ACTIVITY: An image-free reproduction of the data below is needed: print it exactly.
═════ DATA BLOCK ═════
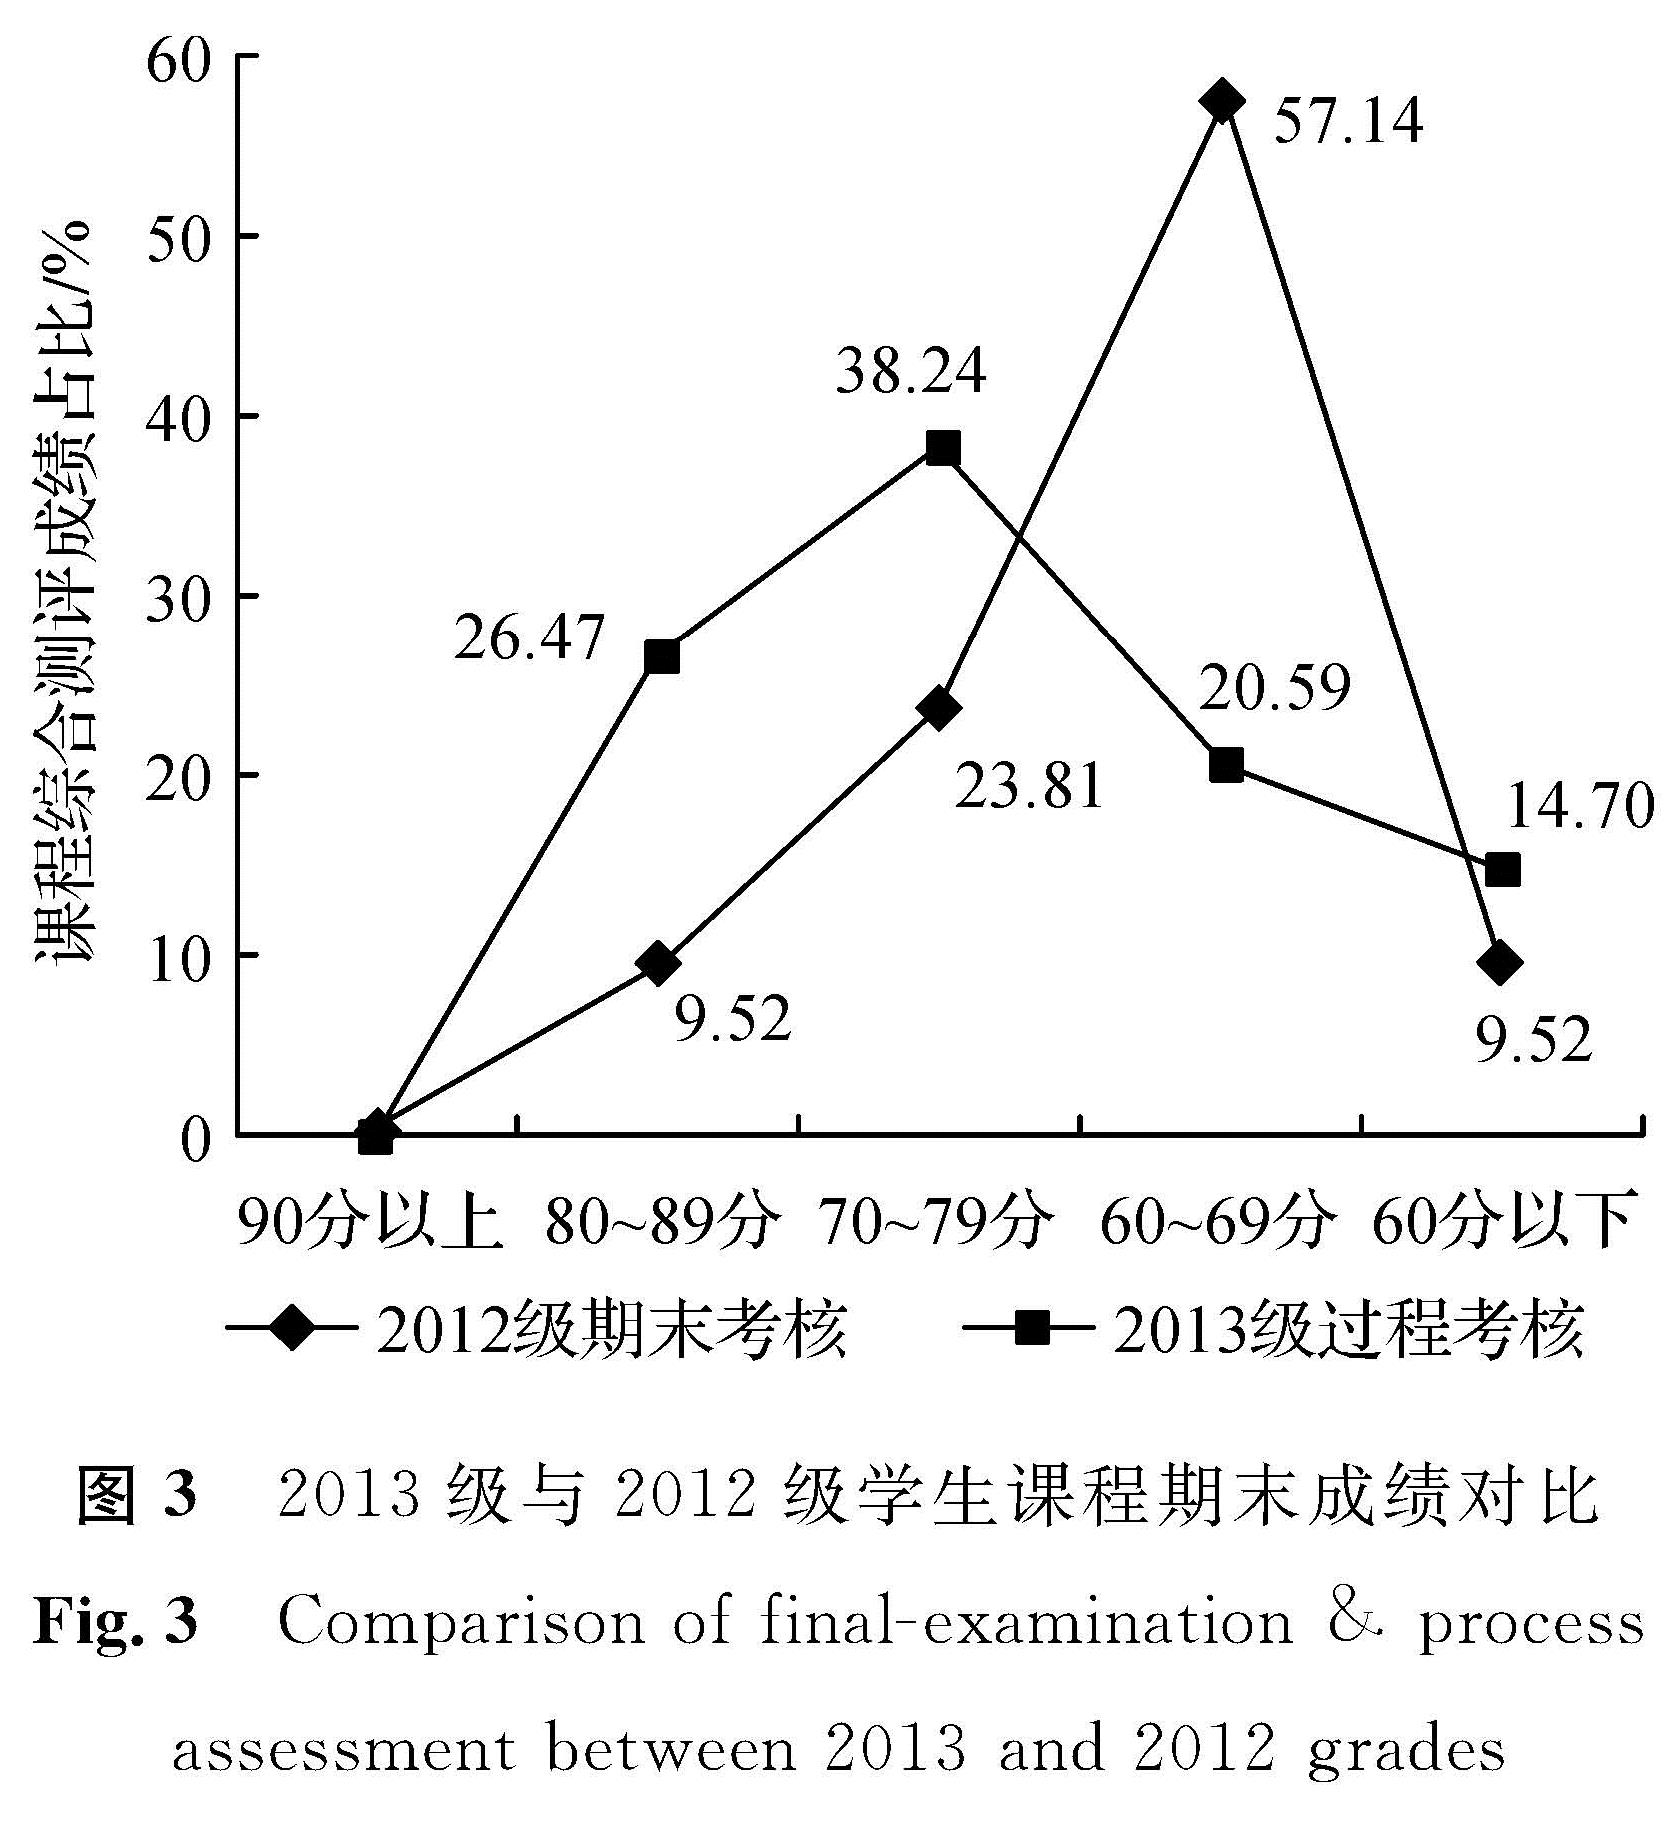 图3 2013级与2012级学生课程期末成绩对比<br/>Fig.3 Comparison of final-examination & process assessment between 2013 and 2012 grades
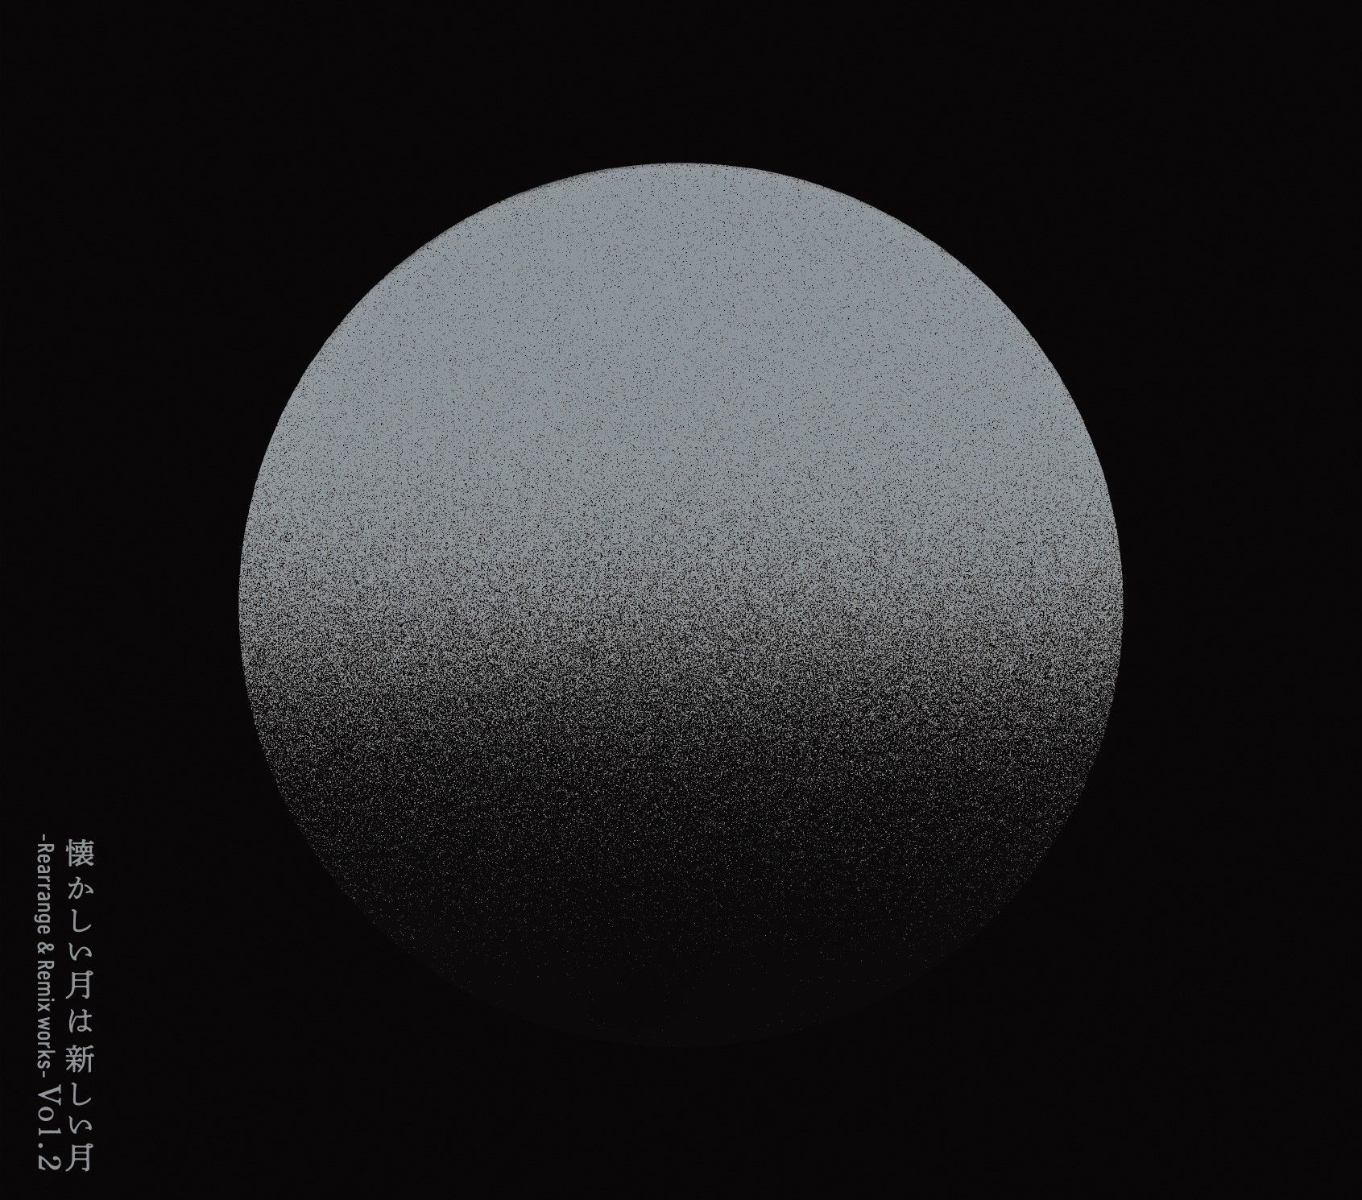 楽天ブックス: 懐かしい月は新しい月 Vol.2 ～Rearrange & Remix works
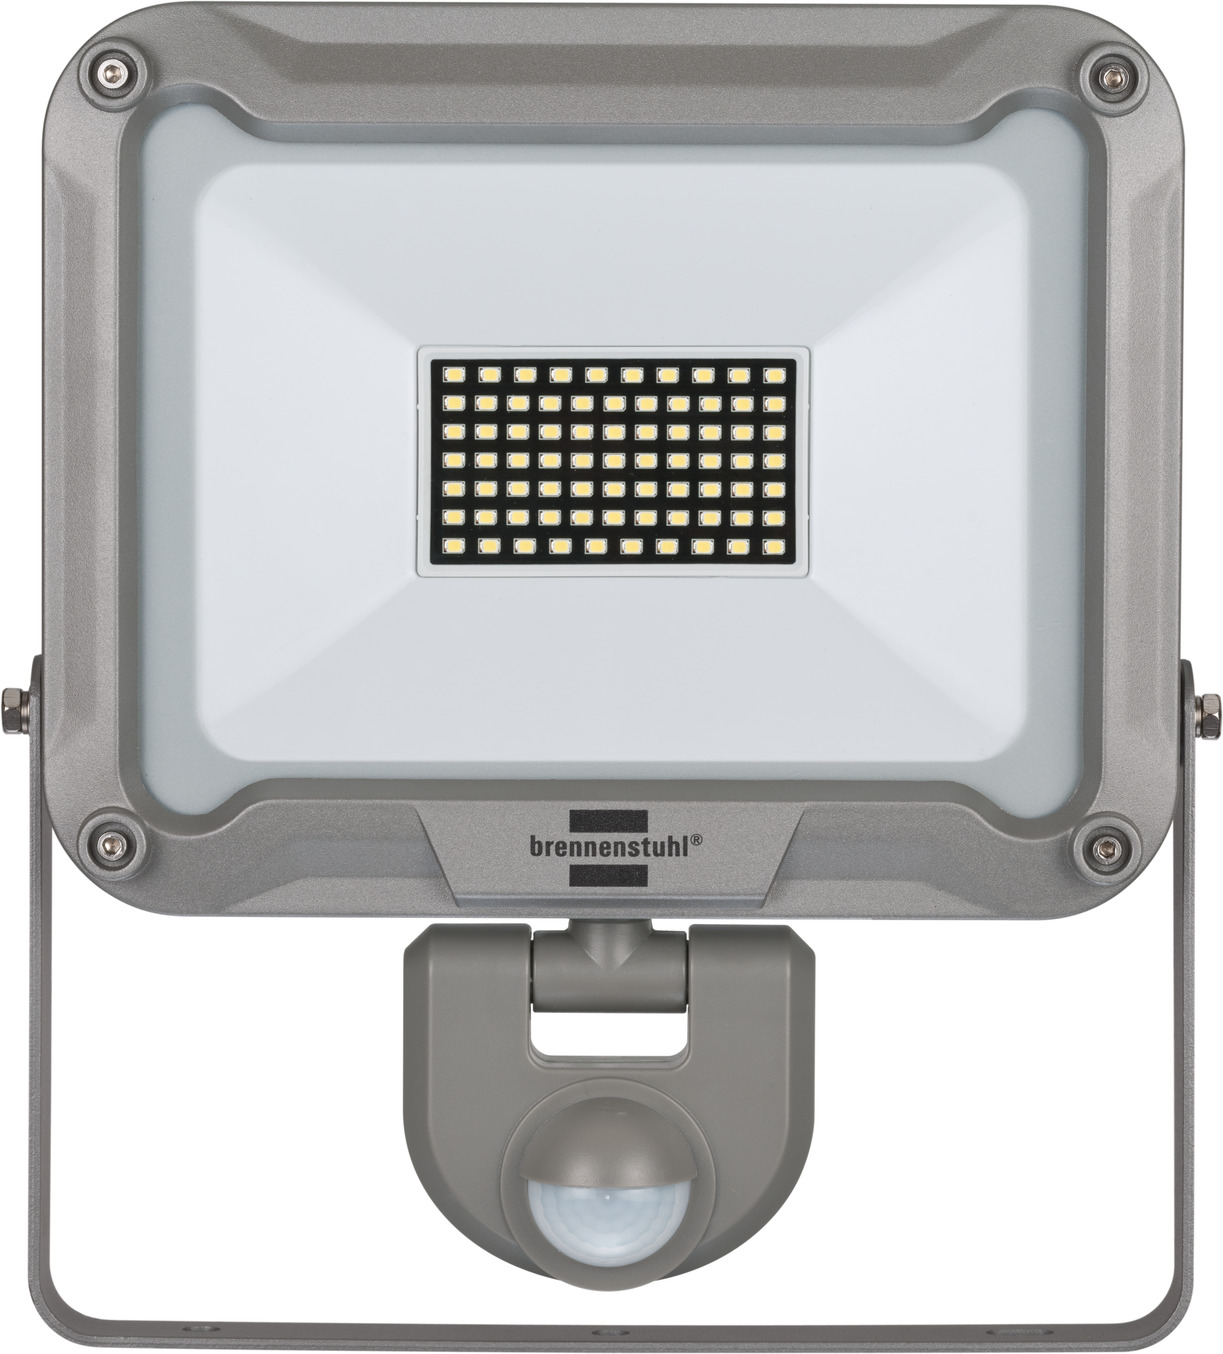 LED Strahler JARO P IP54 Infrarot-Bewegungsmelder 50W, mit | 4400lm, 5050 brennenstuhl®
═════
REPLY:
 图3 2013级与2012级学生课程期末成绩对比<br/>Fig.3 Comparison of final-examination & process assessment between 2013 and 2012 grades
 楽天ブックス: 懐かしい月は新しい月 Vol.2 ～Rearrange & Remix works
 LED Strahler JARO P IP54 Infrarot-Bewegungsmelder 50W, mit | 4400lm, 5050 brennenstuhl®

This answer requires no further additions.